En Lo cubano en la poesía Cintio Vitier afirmó sobre Samuel Feijóo: “El yo está virgen y salvaje ante la naturaleza”, y también: “Después de Francisco Pobeda y El Cucalambé, Samuel Feijóo es el primer y único poeta cubano hasta hoy, que se haya sumergido totalmente en la naturaleza de la isla”. [1] Claro que esa afirmación de Cintio data de 1958, porque un poco más tarde, en 1973, Roberto Manzano estrenó su Canto a la sabana,libro que solo vino a ver la luz en 1996, pese a que sus principales versos eran conocidos desde mucho antes.

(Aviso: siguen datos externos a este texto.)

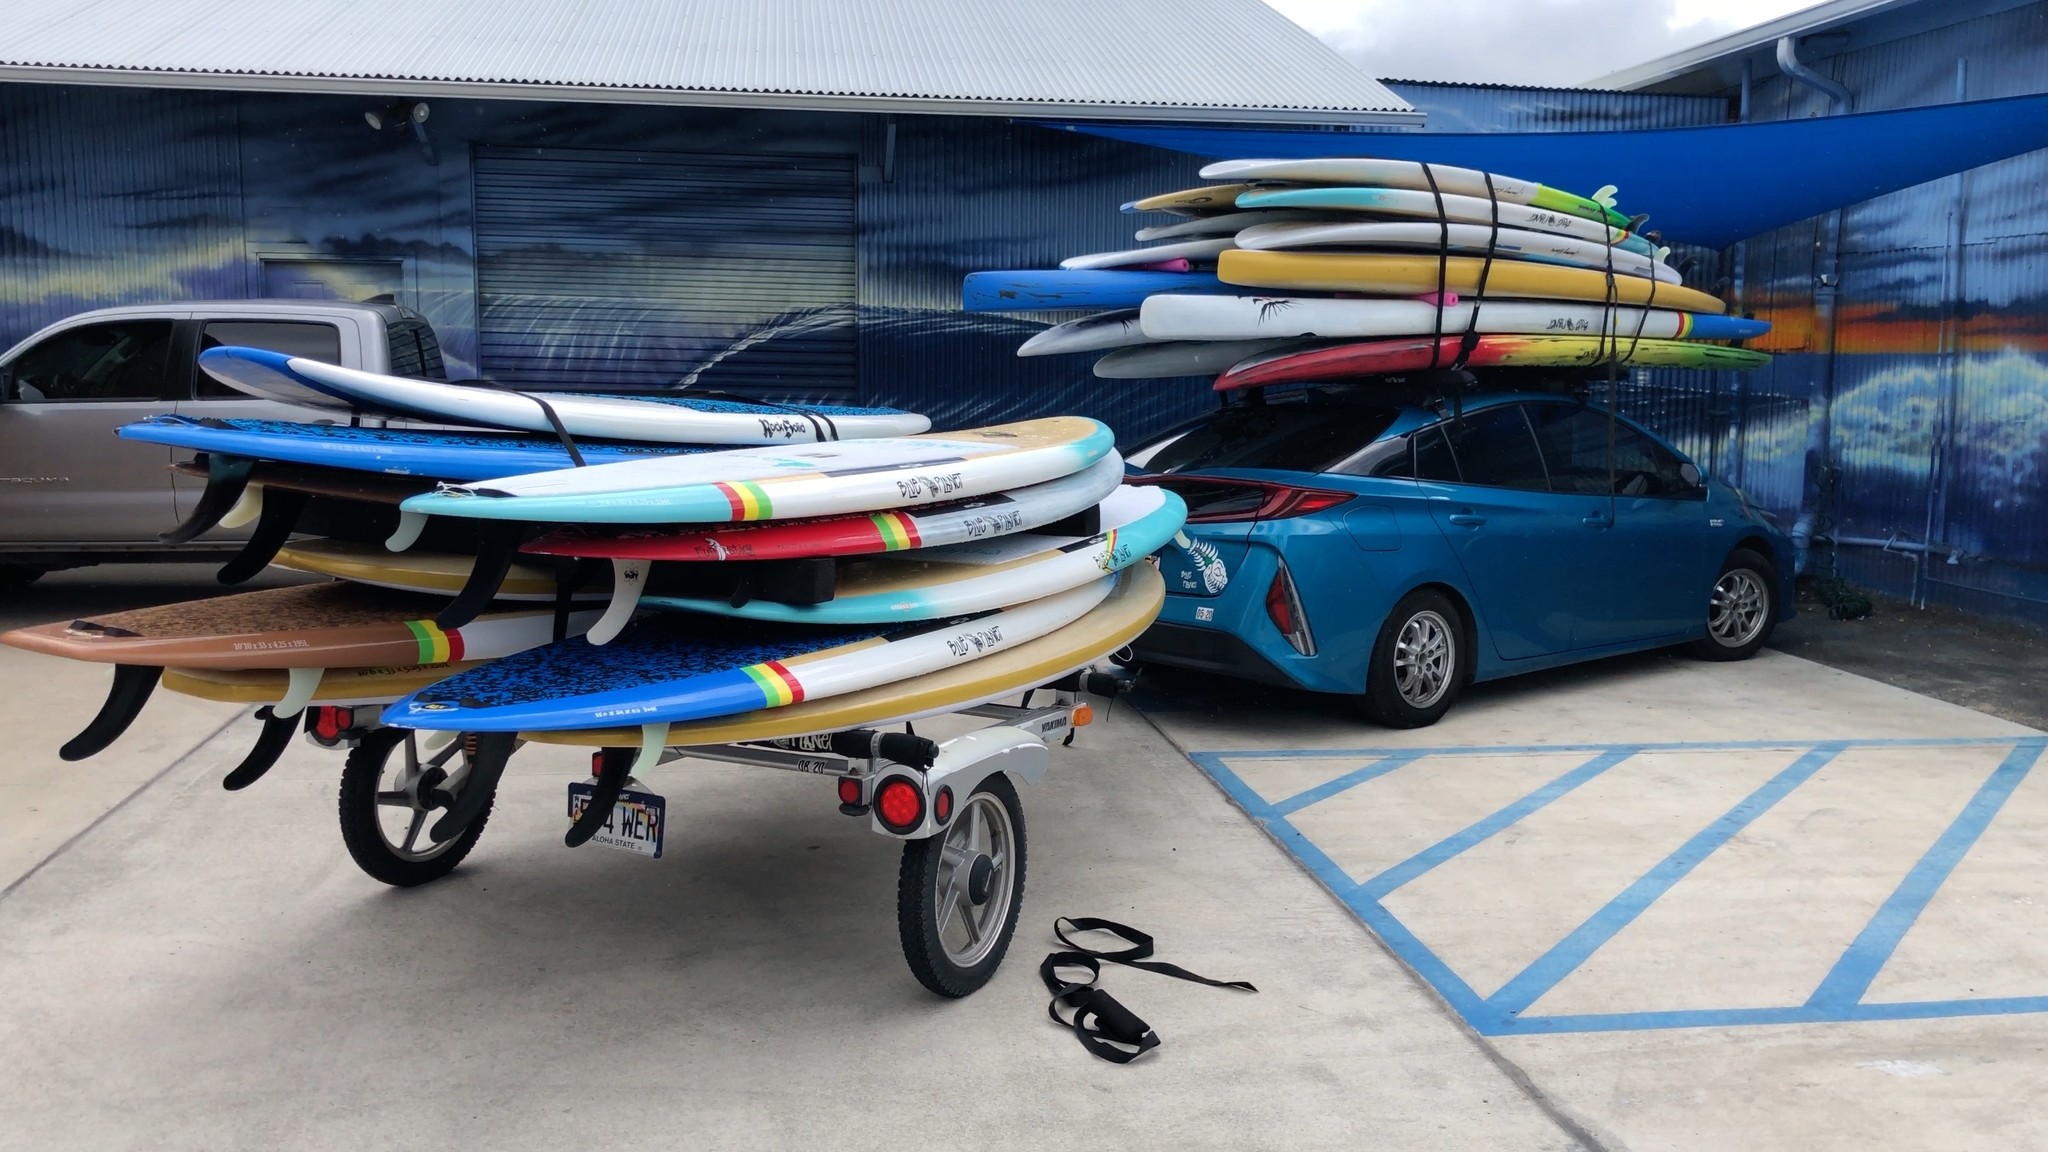 prius loaded with SUP board how to attach it to car

El libro-poema de Manzano da testimonio —en similar magnitud que el de Feijóo— de un compromiso ontológico visceral con el paisaje cubano. De él dijo Jesús David Curbelo, al reconocerlo como texto insignia de la propuesta de los años setenta que peyorativamente llamaron tojosismo, “que representaba (…) el inicio de un movimiento que intentaba rescatar para nuestras letras nada menos que el lirismo y la subjetividad”.[2]

Samuel Feijóo. Imagen: Caricatura de Pedro Méndez y Jamler / Tomada de revistasignos.com

No obstante, la relación de Feijóo con la naturaleza concebía al entorno vegetal en completa armonía con el animal, solo perturbado por la presencia profanadora del hombre. Así, el panteísta más persistente de la lírica cubana del siglo xx inició su inmenso poema Beth-El con versos descriptivos: “Para los ojos cae esa morada lluvia / callada por los campos de luz en juego”,[3]para recubrirla décadas después con la crítica sarcástica de “Vacas y chivos”, entre otros muchos de los que configuran El pan del bobo:

El llano brilla, las vacas
andan con sus pasos de hadas.
Pasan junto a mí,
que yazgo en la yerba,
y resoplan, me miran y andan.

Los chivos con sus ojos
filosóficos que
leen los libros del rocío,
llegan junto a mí, confiados,
con sol
en las testas barbadas,
los amarillos cuernos.

Hermanos, he visto
cómo os asesinan.
No comeré jamás
de vuestros cuerpos.[4]

La enumeración de elementos vegetales de aquella primera etapa, de extraña alquimia sintáctica, en su caso rebasaba el simple nombrar los deslumbramientos, pues el suyo era un paisaje físico cargado de subjetividades y de interacciones, como lo demuestran ese “candor del árbol”, o “el iris lento” que “dora flor antigua”. Puede decirse que toda su poesía de ese corte, antes de que asumiera una estética más irónica o sarcástica rayana con lo antipoético, pero siempre sentenciosa, se apoya en el encandilamiento de un ojo-lente que describe pero beneficia lo descrito con poderoso pincel metafórico.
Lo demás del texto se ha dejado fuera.